核心结论

  • IRCC当年许可生效口径从2019年的84,140名中国公民学习许可持有人降至2025年的48,755人,降幅为42.1%。
  • 另一项年末存量口径从2019年的140,530名有效许可持有人降至2024年的99,650人,降幅为29.1%;2022至2024年间维持在约10万人。
  • Statistics Canada在2023/24学年秋季快照中记录到66,606项中国公民国际学生高等教育项目注册,较2019/20学年下降26.3%。
  • 2019/20至2023/24学年,本科项目注册下降28.2%,硕士增长5.7%,博士增长19.1%。
  • STEM项目注册下降19.9%,BHASE下降30.0%,因此STEM占比从37.4%升至40.6%;这一结构性提高并不等于STEM绝对增长。
  • 这些来源共同支持市场总体走弱且细分人群明显分化,但不能合并成一个市场总量,也不能证明目的地替代或单一原因。

数据概览

本文使用两家加拿大一级来源提供的三项指标。
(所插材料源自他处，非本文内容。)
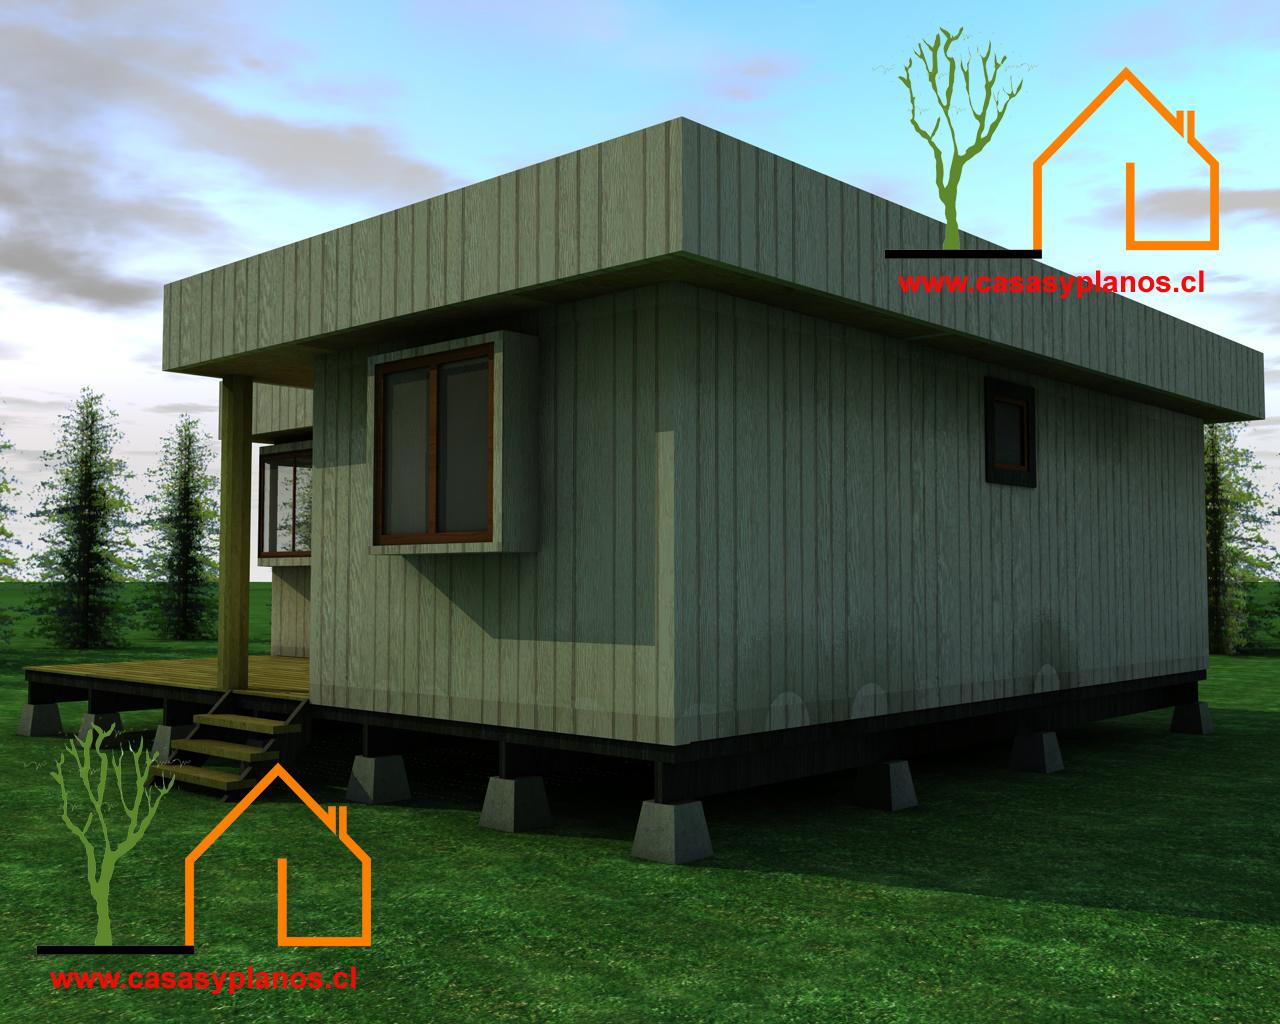 Casa cubo prefabricada 50 metros cuadrados planos y casas - Casas cubo prefabricadas ...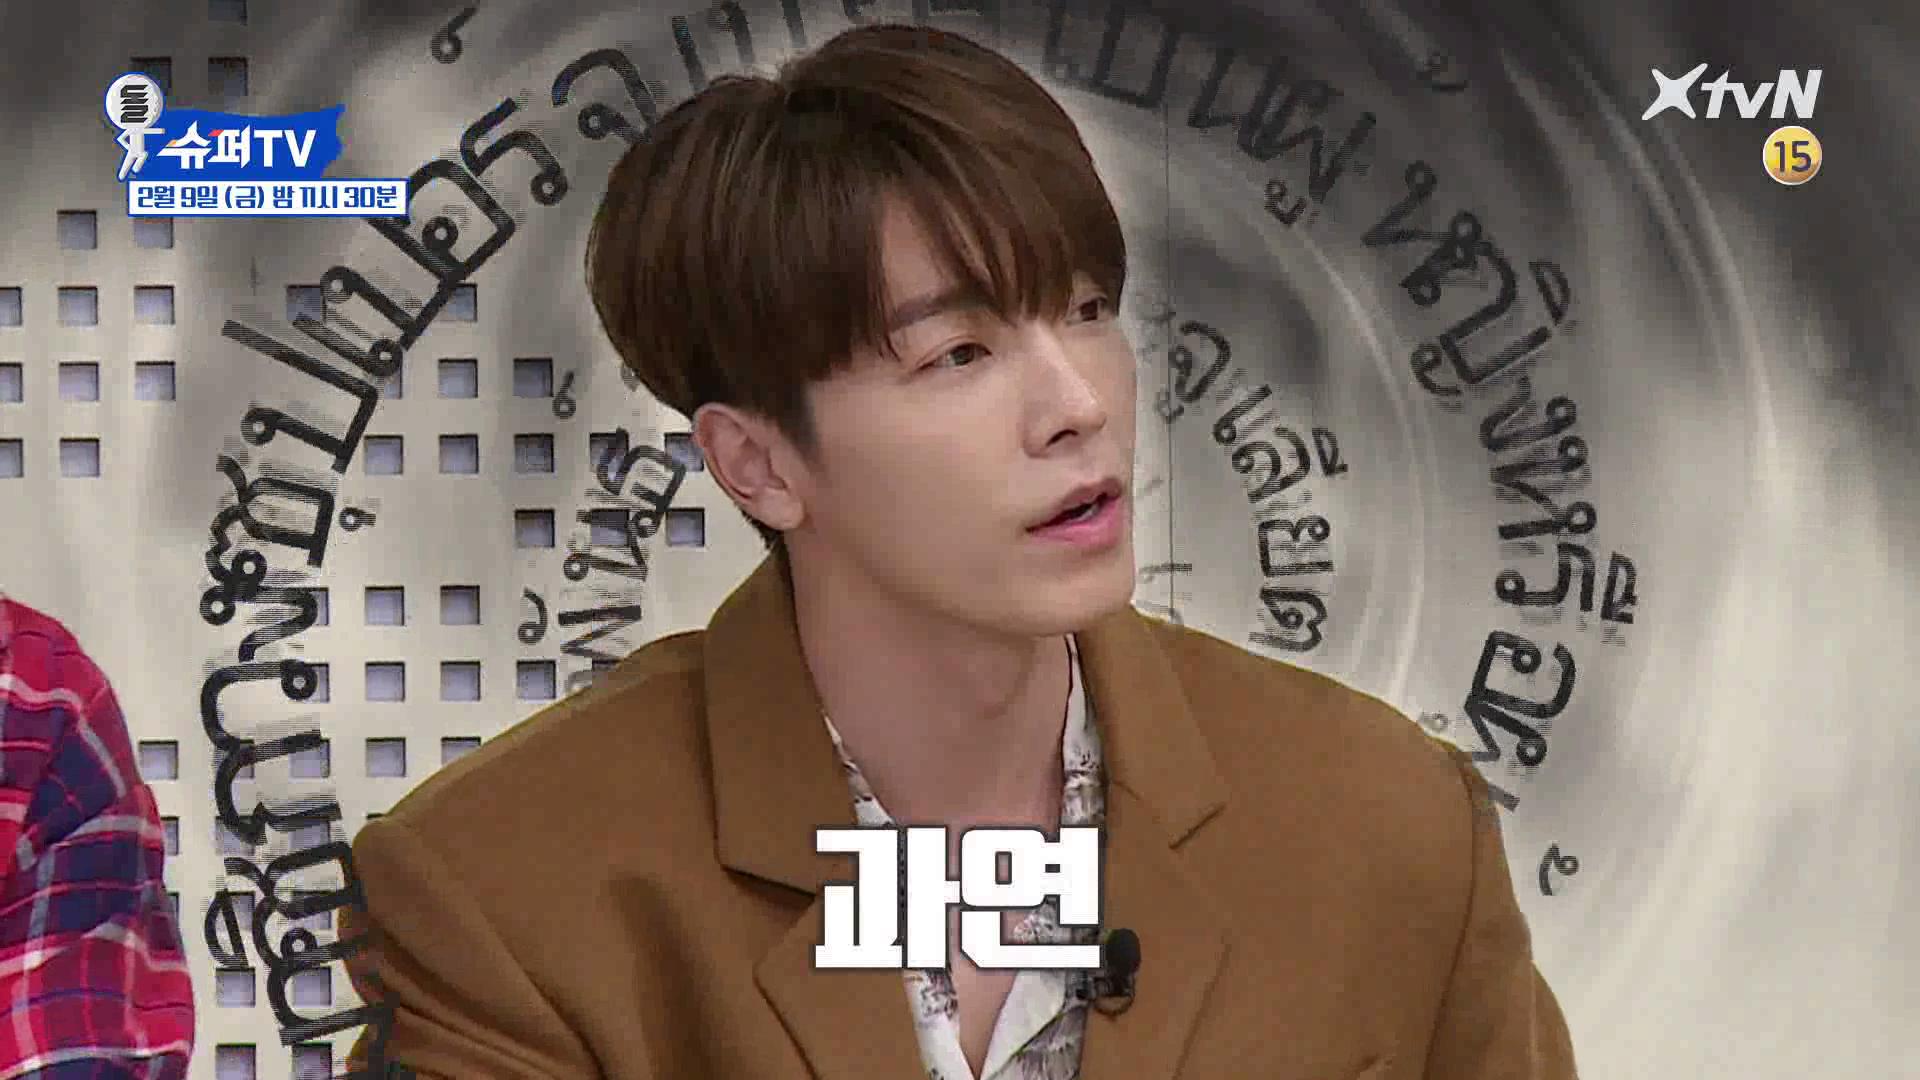 [슈퍼TV] 한국어 금지?! 슈주 vs 외국인의 글로벌 퀴즈쇼

IRCC当年许可生效表统计某个自然年内学习许可生效的独立持有人;年末表统计12月31日仍持有有效学习许可的独立持有人。Statistics Canada统计院校自行选定秋季快照日期时的国际学生高等教育项目注册。

三项指标在统计对象、时间和最新年份上均不相同。本文使用IRCC当年许可生效数据至2025年、可比的按国籍年末存量至2024年,以及Statistics Canada项目注册数据至2023/24学年。所有比较和百分比变化均限定在同一统计定义内部。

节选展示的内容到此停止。